It was also in his late 40s that Geiger became friends with Stan Getz, the legendary jazz tenor saxophonist. Getz was the music department's artist-in-residence at Stanford about the time Geiger hired Dennis Green to coach the football team. Getz took the Geigers on tour with him to Israel and later presented Andy with a musical instrument that would change his life.

Once he picked up the sax and began to learn some of the improvisational riffs that had been filling his head for years, Geiger had found an outlet that took him away from the pressures of major-college athletics.

"Sports are my business," Geiger said. "But the music, that's a religion."

So it was no coincidence that Geiger was introduced as the new UW-Milwaukee athletic director three months ago to the sounds of John Coltrane's "Blue Train." Geiger keeps his horns in the UWM music school and practices after work. He combs his lower east side neighborhood near the Wisconsin Conservatory of Music for jazz concerts.

"It's a gift to be here," he said. "There is music in this town."

And here he is, at 73, again doing the only job he ever wanted in a place where sports blend with his off-the-field sensibilities.

Talk with Geiger for more than a few minutes and be prepared to have your mind shifted to a broader perspective on the games people play. Although Ohio State won a football national championship on his watch in 2002, Geiger would rather speak lyrically about the opportunity non-revenue sports provide most students who choose athletics as their extracurricular activity.

"The arts department" of the athletic business, Geiger calls volleyball, swimming, wrestling, his beloved rowing and the like.

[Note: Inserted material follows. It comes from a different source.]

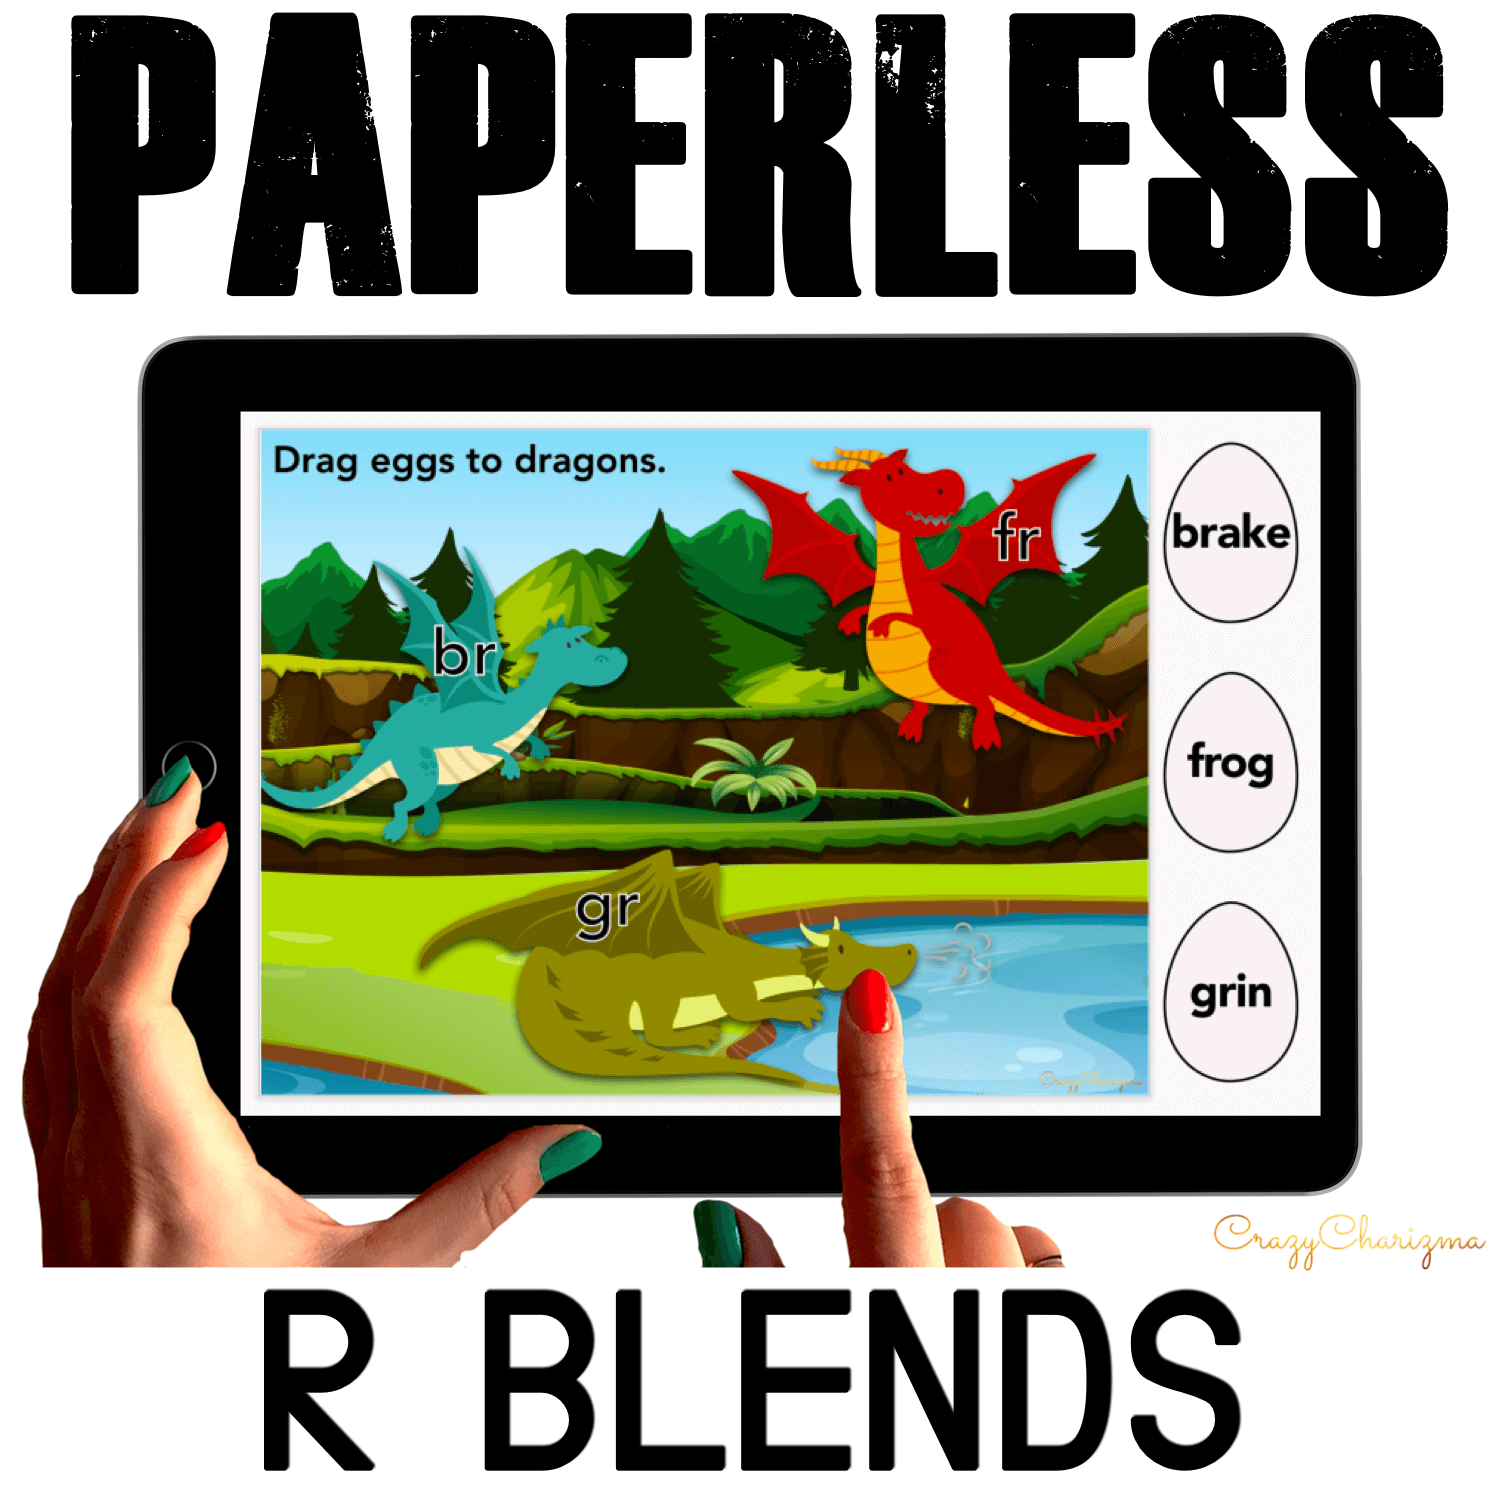 Need to practice beginning R BLENDS in a fun way? Check out these interactive activities for Google Classroom. Kids will drag words and match them with the corresponding blends (eggs and dragons theme).

"Andy is one of the icons in our industry," said Horizon League Commissioner Jon LeCrone, whose time with Geiger goes back more than 20 years when both were in the Atlantic Coast Conference. "Think of the perspective he brings to Milwaukee and our league after being in the Ivy League, the Pac-10, the ACC and the Big Ten.

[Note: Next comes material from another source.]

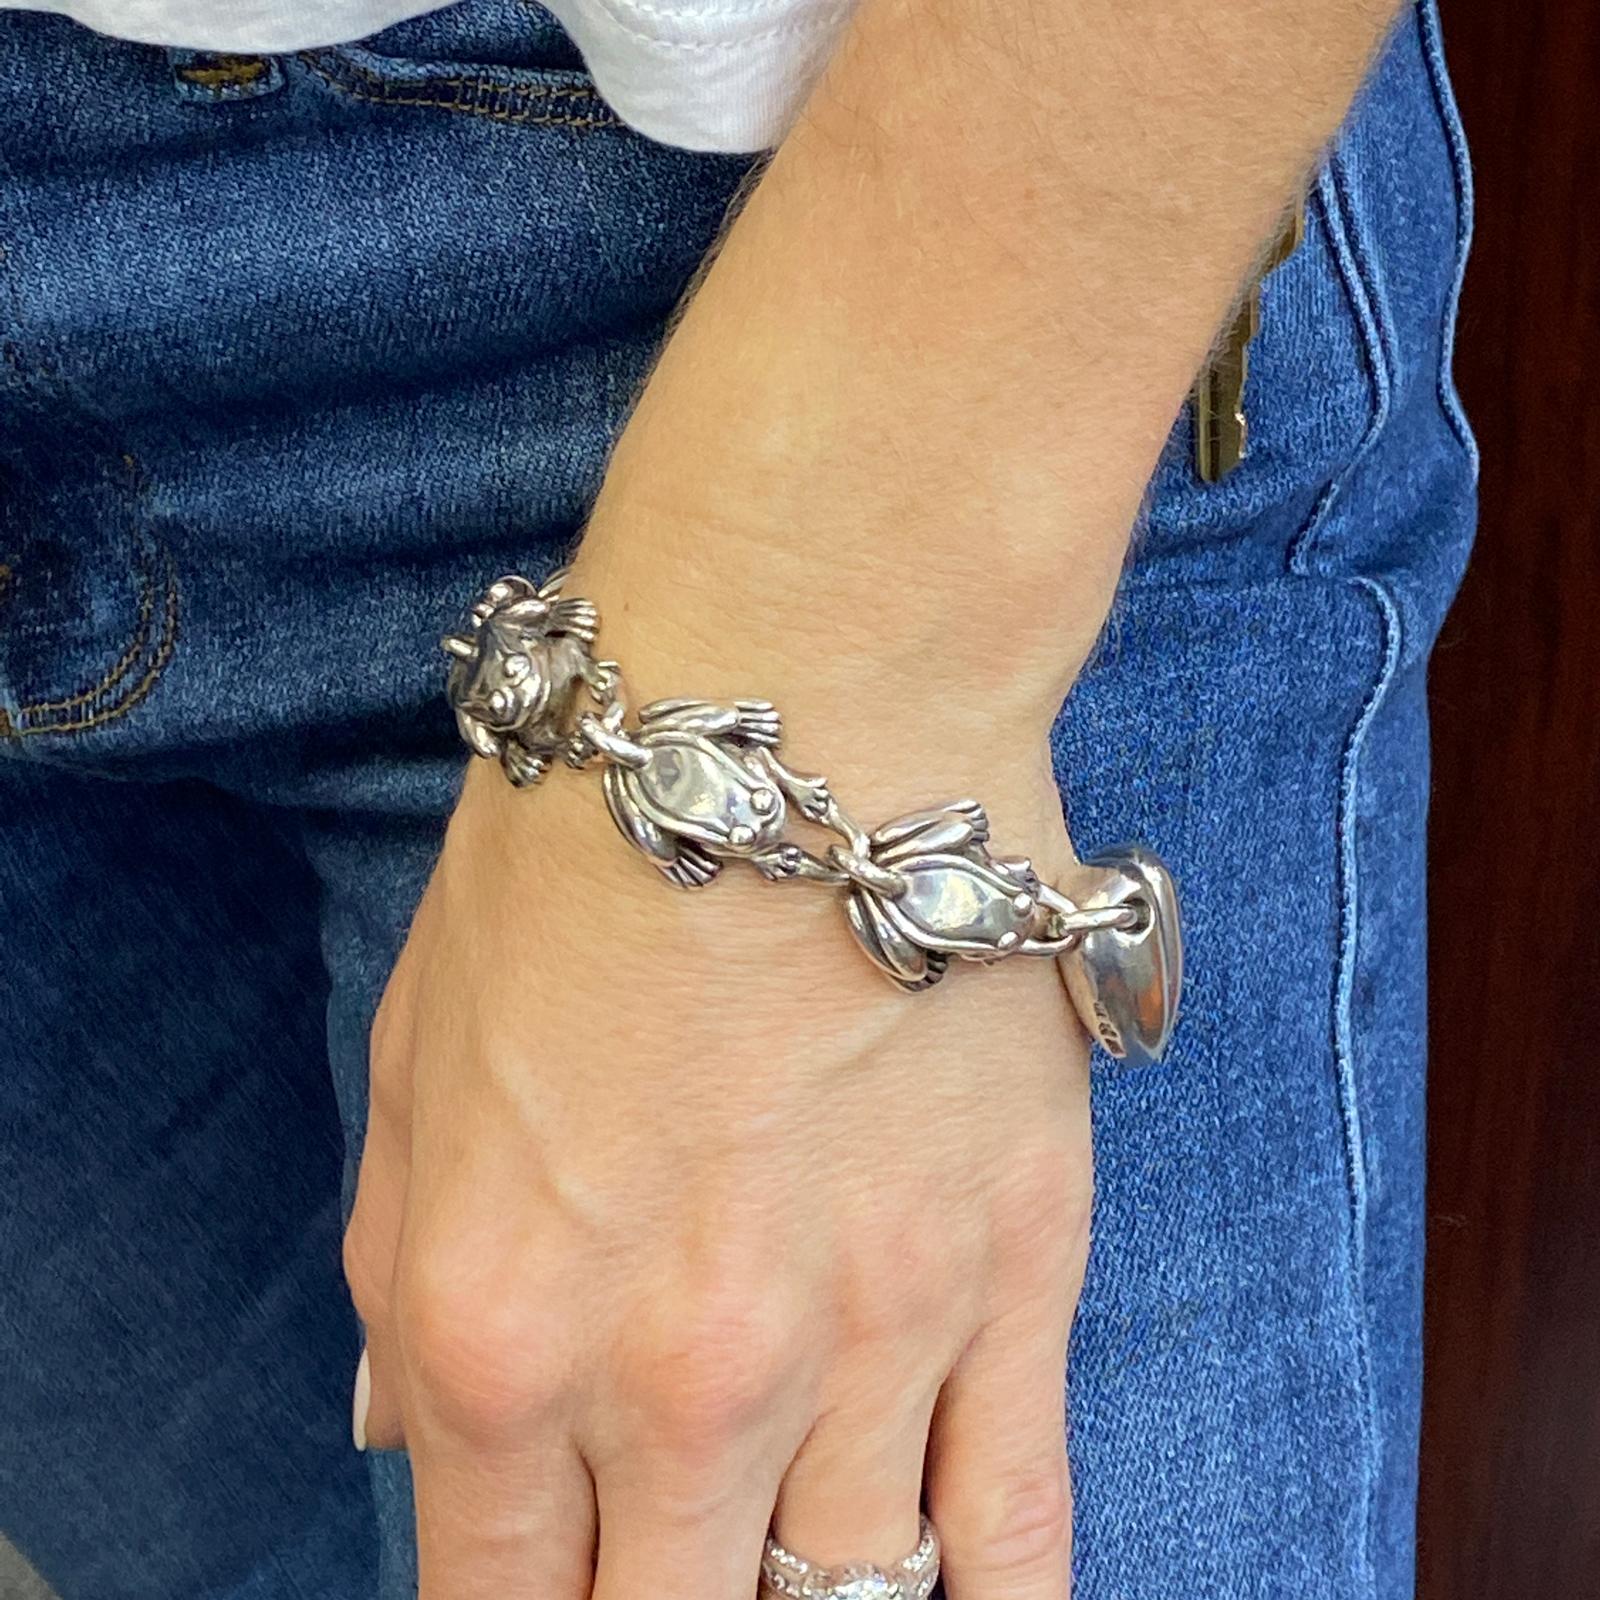 Vintage Kieselstein-Cord frog and heart link bracelet fashioned in sterling silver. Each frog link is signed, and the bracelet measures 8.0 inches in length and 1 inch in width (at the widest part). Signed 1997 925 Kieselstein-Cord.

"But he's also a renaissance man. That's what makes him such a good man, such good company and such a fascinating person to be around. He has an excellent mind and can talk about any topic, politically, socially or musically."

The music carried Geiger through an embarrassing public incident at Stanford, when, during a Pac-10 tour, he engaged a Seattle sportswriter in a heated argument and dumped a glass of wine on the scribe's head.

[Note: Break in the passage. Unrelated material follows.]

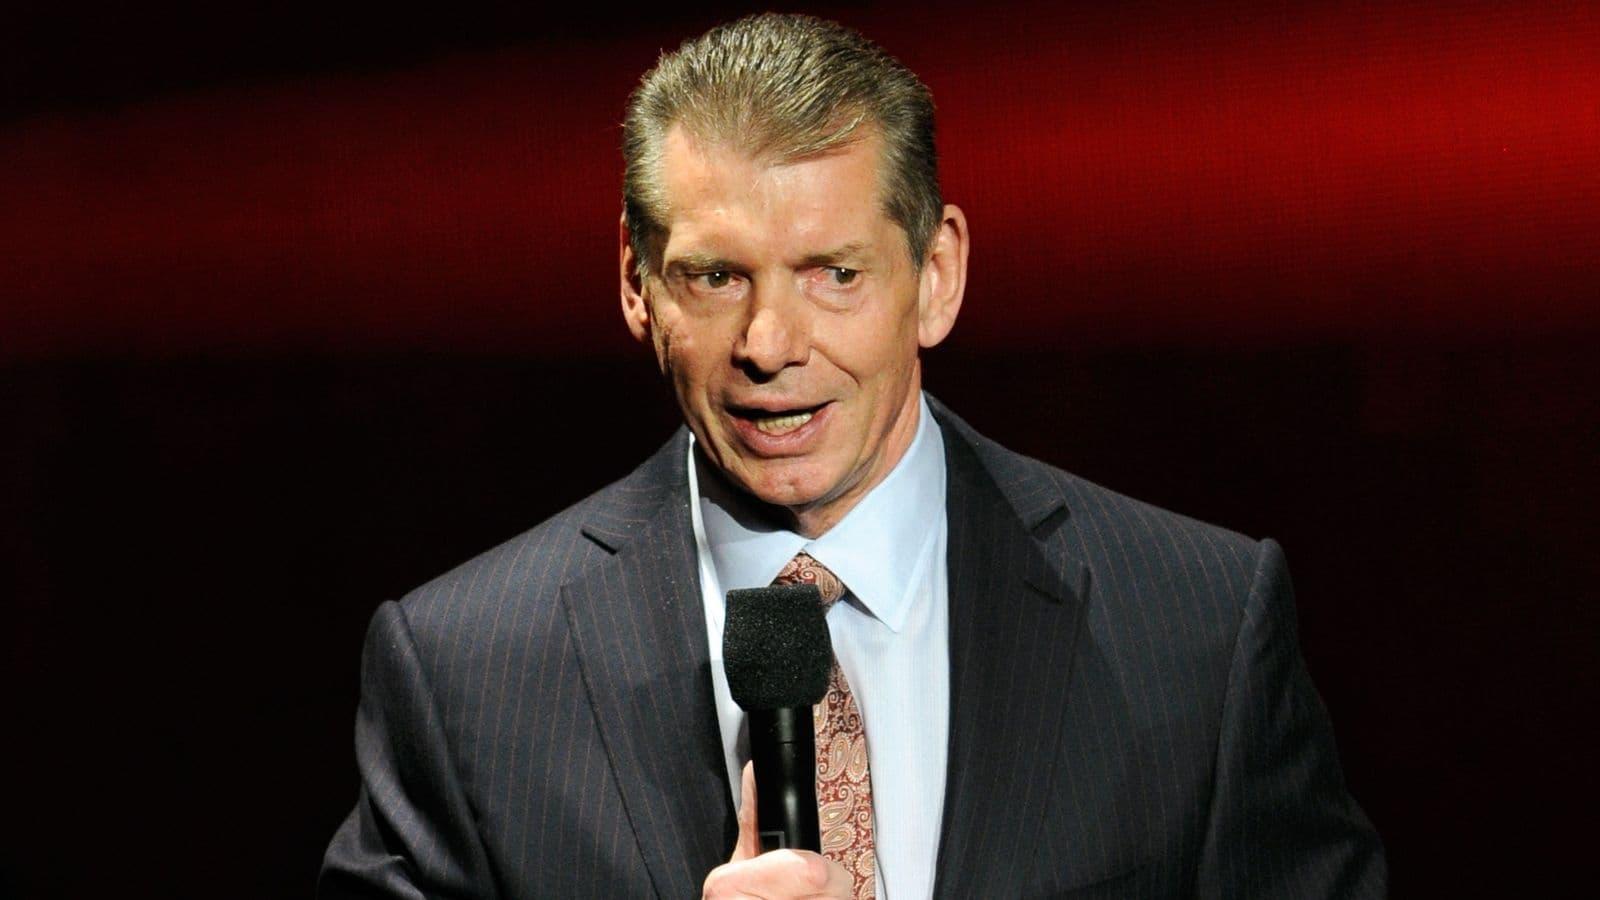 The Nine Lives of Vince McMahon backdrop

"He and I had both been over-served, and I have a temper," Geiger said. "I was mortified. It was a low moment."

Geiger immediately began attending Alcoholics Anonymous meetings and did not drink for years.
"I'm not a teetotaler now," he said, "but ever careful."
The music carried him through the trying times at the University of Maryland, which had lured Geiger away from Stanford to fix an athletic department that had been shaken to its core by the drug-overdose death of basketball star Len Bias.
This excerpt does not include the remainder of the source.